Real, or physical, memory exists on RAM chips inside the computer. Virtual memory, as its name suggests, doesn’t physically exist on a memory chip. It is an optimization technique and is implemented by the operating system in order to give an application program the impression that it has more memory than actually exists. Virtual memory is implemented by various operating systems such as Windows, Mac OS X, and Linux.
So how does virtual memory work? Let’s say that an operating system needs 120 MB of memory in order to hold all the running programs, but there’s currently only 50 MB of available physical memory stored on the RAM chips. The operating system will then set up 120 MB of virtual memory, and will use a program called the virtual memory manager (VMM) to manage that 120 MB. The VMM will create a file on the hard disk that is 70 MB (120 – 50) in size to account for the extra memory that’s needed. The O.S. will now proceed to address memory as if there were actually 120 MB of real memory stored on the RAM, even though there’s really only 50 MB. So, to the O.S., it now appears as if the full 120 MB actually exists. It is the responsibility of the VMM to deal with the fact that there is only 50 MB of real memory.

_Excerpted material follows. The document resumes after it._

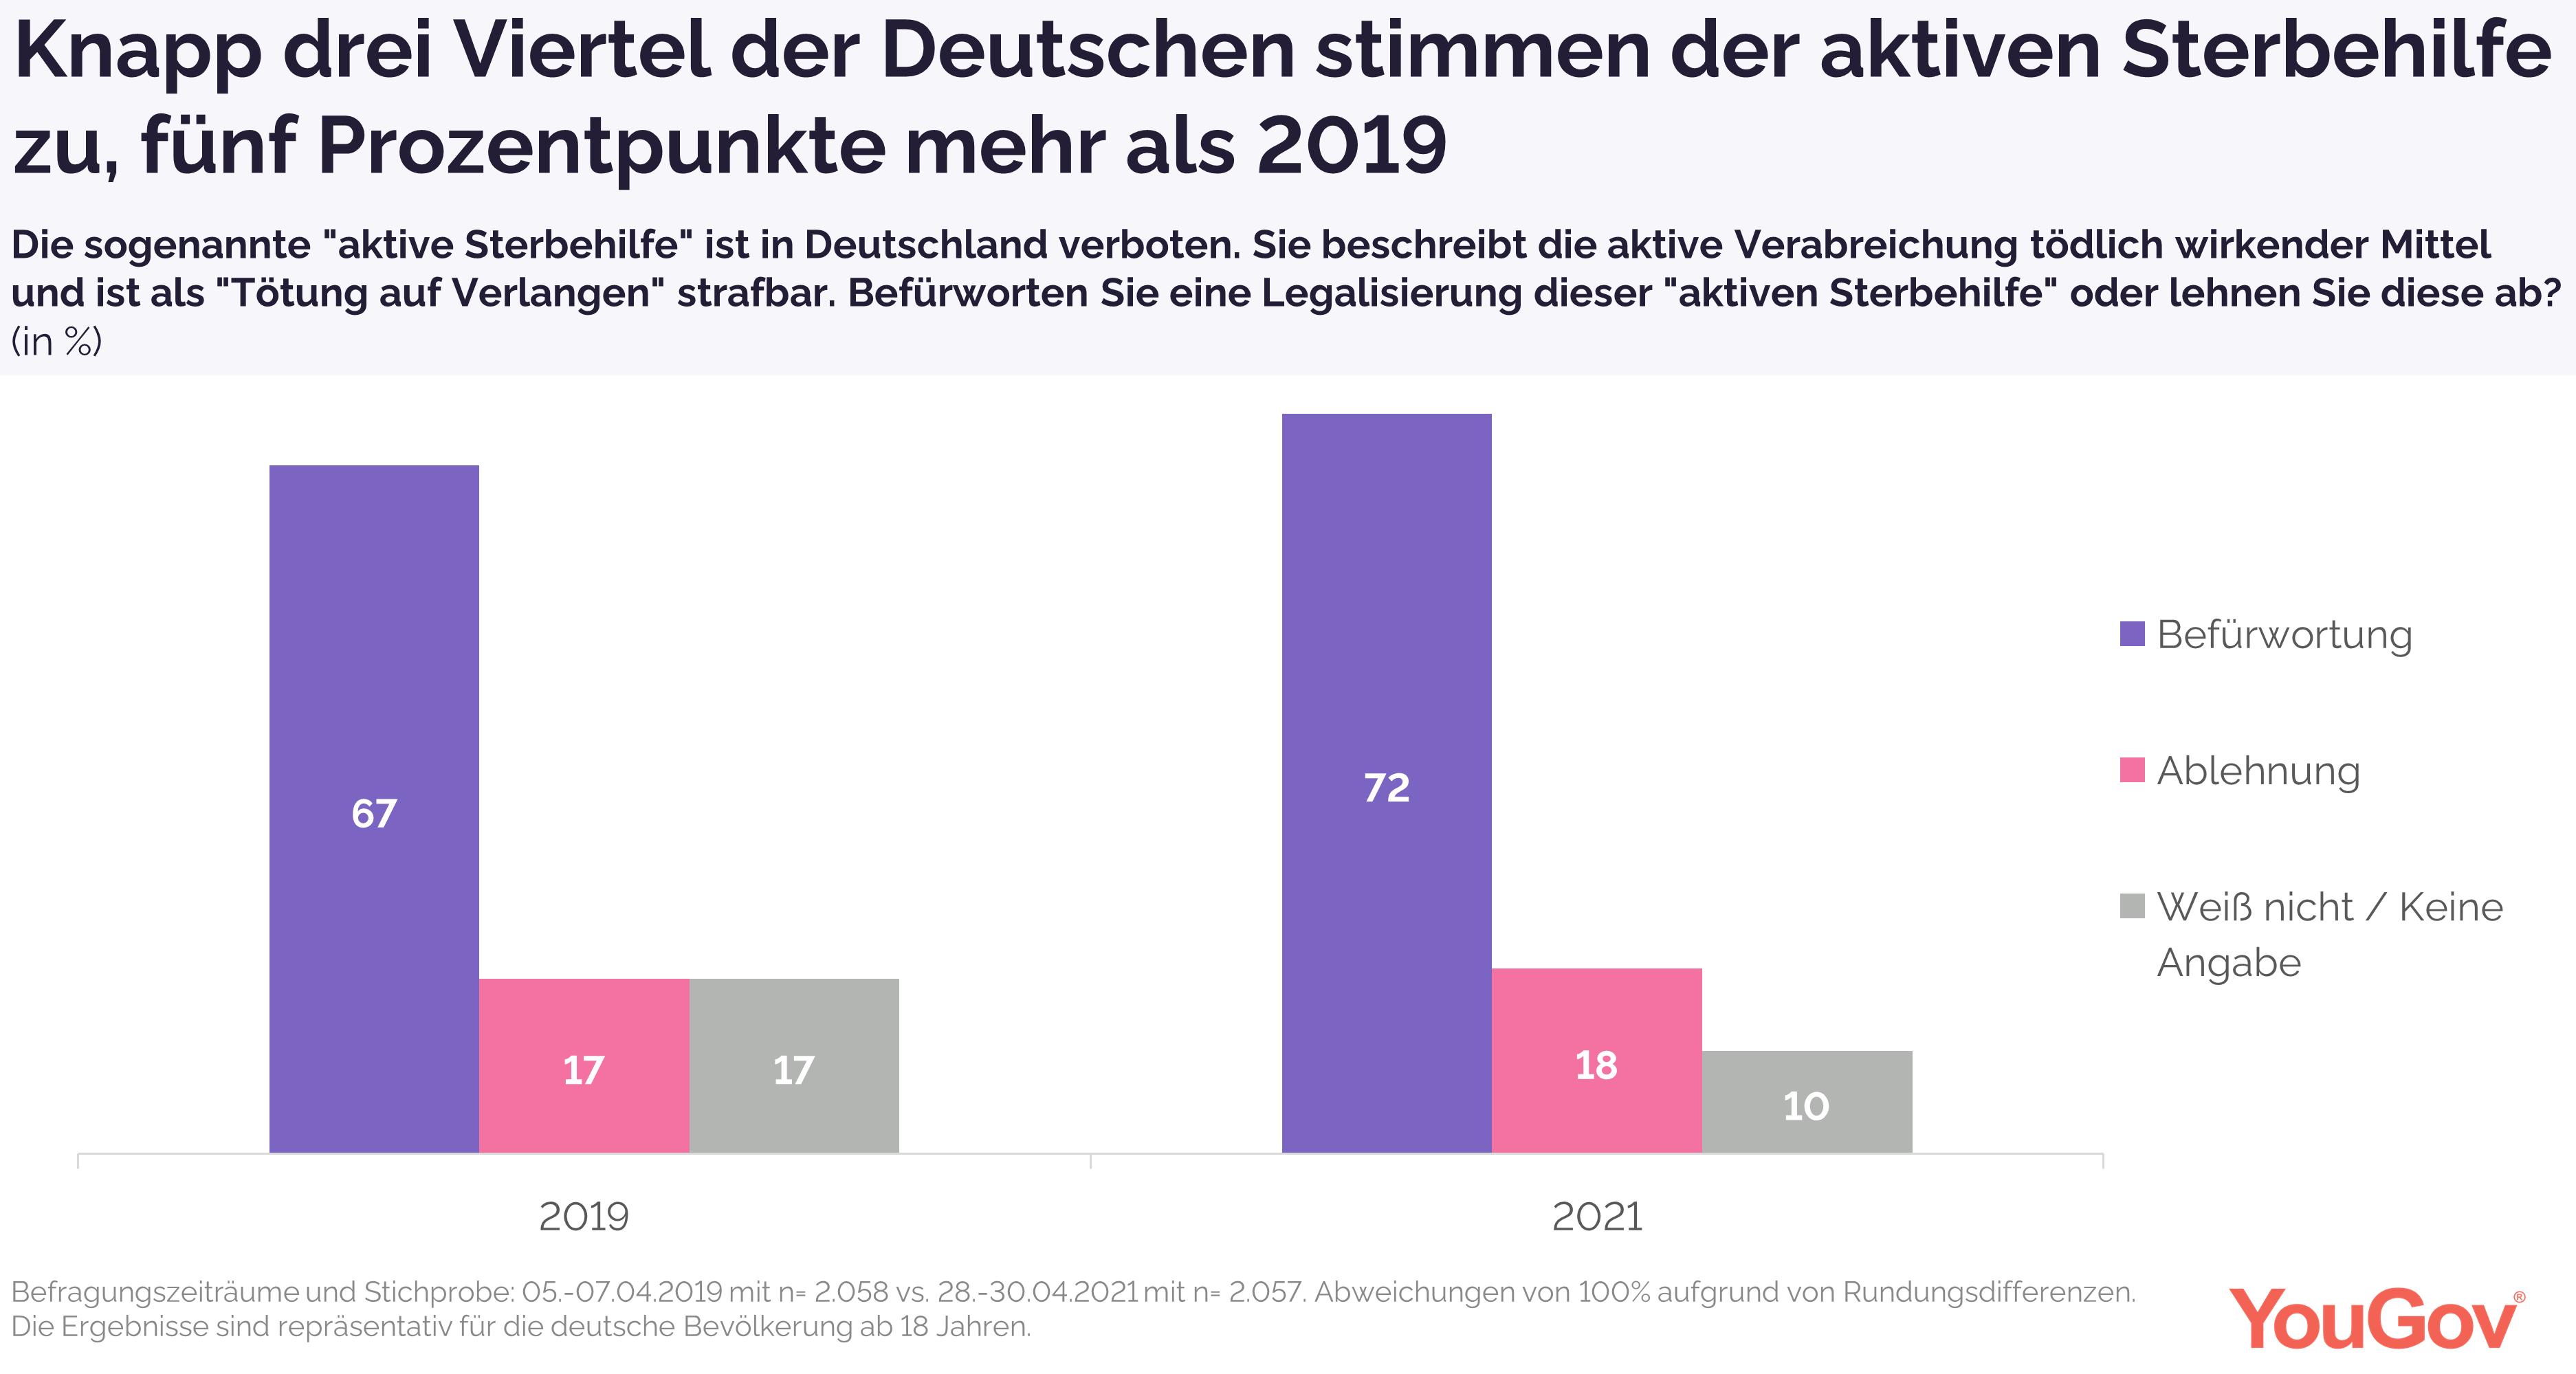 Knapp drei Viertel der Deutschen stimmen der aktiven Sterbehilfe zu

The paging file and the RAM
Now, how does the VMM function? As mentioned before, the VMM creates a file on the hard disk that holds the extra memory that is needed by the O.S., which in our case is 70 MB in size. This file is called a paging file (also known as a swap file), and plays an important role in virtual memory. The paging file combined with the RAM accounts for all of the memory. Whenever the O.S. needs a ‘block’ of memory that’s not in the real (RAM) memory, the VMM takes a block from the real memory that hasn’t been used recently, writes it to the paging file, and then reads the block of memory that the O.S. needs from the paging file. The VMM then takes the block of memory from the paging file, and moves it into the real memory – in place of the old block. This process is called swapping (also known as paging), and the blocks of memory that are swapped are called pages. The group of pages that currently exist in RAM, and that are dedicated to a specific process, is known as the working set for that process.

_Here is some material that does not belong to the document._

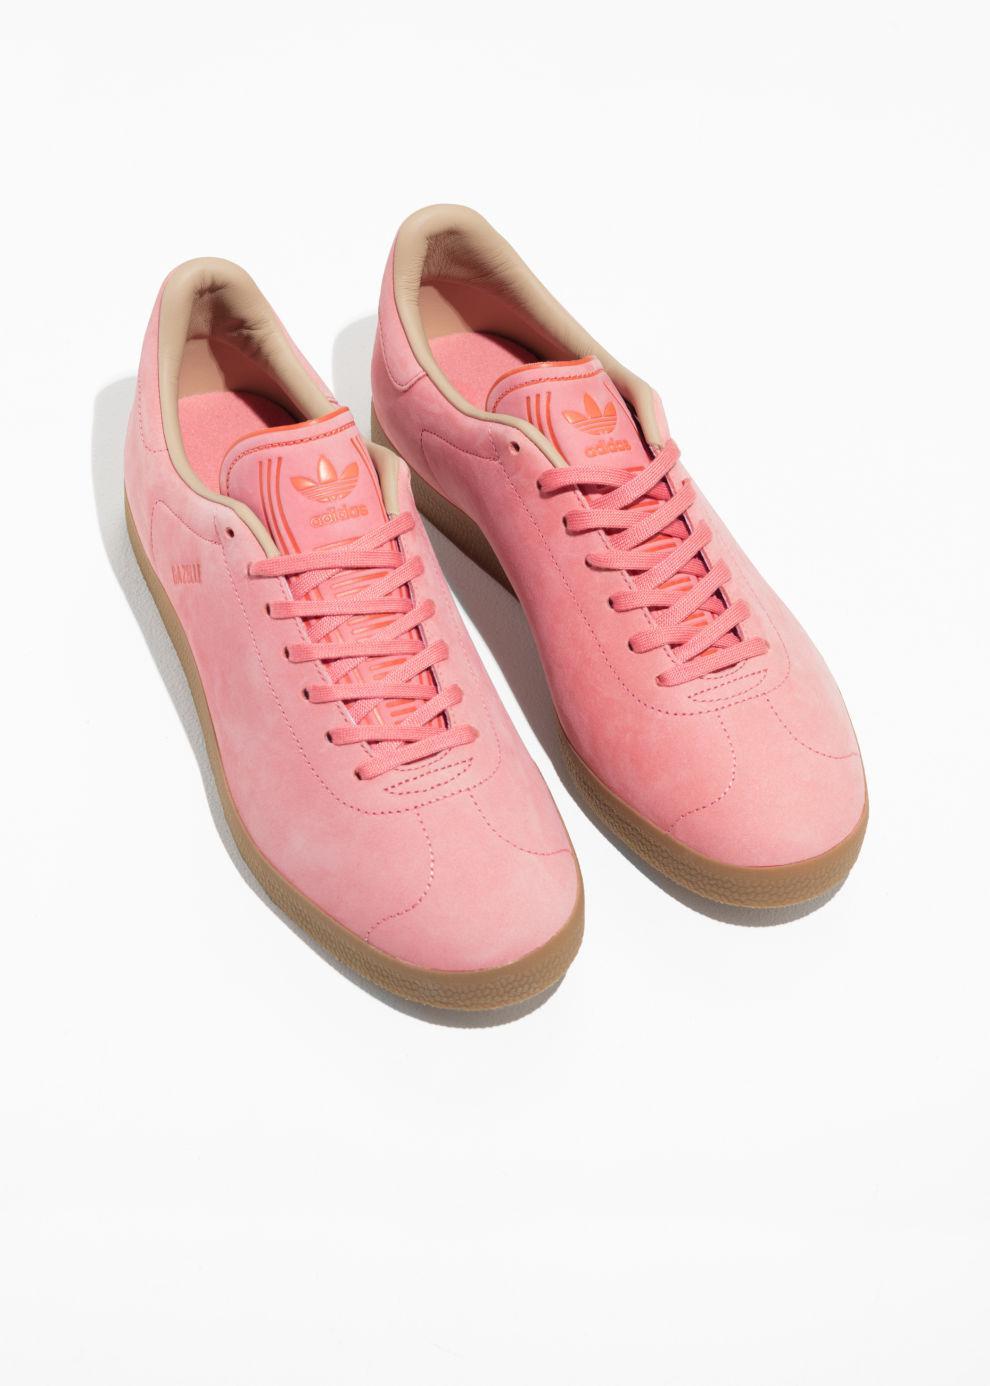 lyst & altre storie adidas gazzella decontaminazione in rosa

As mentioned earlier, virtual memory allows us to make an application program think that it has more memory than actually exists. There are two reasons why one would want this: the first is to allow the use of programs that are too big to physically fit in memory. The other reason is to allow for multitasking – multiple programs running at once. Before virtual memory existed, a word processor, e-mail program, and browser couldn’t be run at the same time unless there was enough memory to hold all three programs at once. This would mean that one would have to close one program in order to run the other, but now with virtual memory, multitasking is possible even when there is not enough memory to hold all executing programs at once.
Virtual Memory Can Slow Down Performance
However, virtual memory can slow down performance. If the size of virtual memory is quite large in comparison to the real memory, then more swapping to and from the hard disk will occur as a result. Accessing the hard disk is far slower than using system memory. Using too many programs at once in a system with an insufficient amount of RAM results in constant disk swapping – also called thrashing, which can really slow down a system’s performance.
Paging and Page Faults
Suppose we have a paging system with 4 frames and 12 pages, where the number of frames denotes the number of pages that can be held in RAM at any given time. Assume the pages are accessed by some program in the order shown below, from left to right. Also, assume that the program has just started, so the frames are initially empty. How many page faults will be generated assuming that the LRU (Least Recently Used) algorithm is being used?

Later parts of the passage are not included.